As an FA -- of both genders, even if I'm predominantly straight -- all I can do is shake my head and wonder "Really? REALLY????? :doh: " Of course, none of the celebrity body parts on offer were likely anything but thin or muscular, and the latter only for the men (well, other than the hair, which I'm sure was only full).

I don't know, maybe they resonate more, on one gender or the other, for some others, not everyone is as universal in fat preference as I am.

I guess what I'm saying is, I'm curious about your reactions.


----------



## Dr. Feelgood (Apr 15, 2014)

Tad said:


> This article presented the results of some online survey that asked men and women to offer the ideal body pieces from various celebrities to make the perfect man and women.

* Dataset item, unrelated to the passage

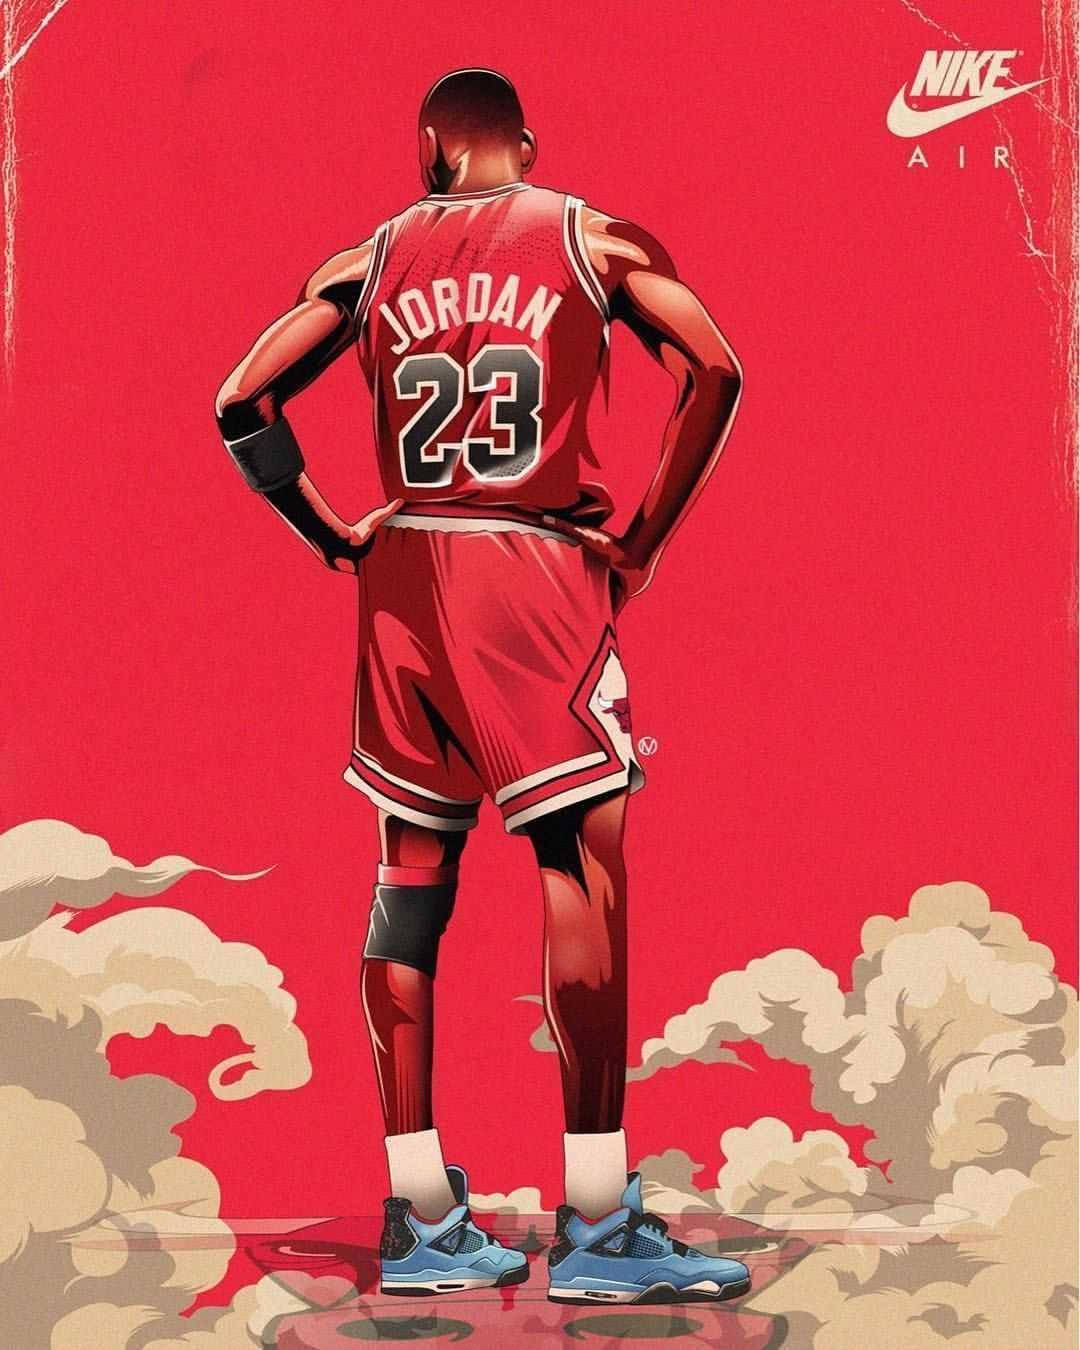 Cool Nike Air Michael Jordan Art Background

I think they did a terrific job. The stitches didn't even show!


----------



## loopytheone (Apr 15, 2014)

I saw this and thought the same thing. It is interesting though that females seem to prefer slimmer men and women whilst men prefer bulkier shapes (curvier for the women and more muscular for the men).


----------



## lille (Apr 17, 2014)

Something about reducing people to individual body parts is really really creepy to me.


----------



## Missamanda (Apr 17, 2014)

lille said:


> Something about reducing people to individual body parts is really really creepy to me.



I concur. 
Gives an Ed Gein skin suit kind of vibe. Throw on a belt of nipples and she's ready to go.


----------



## Dromond (Apr 18, 2014)

That's very uncanny valley.


----------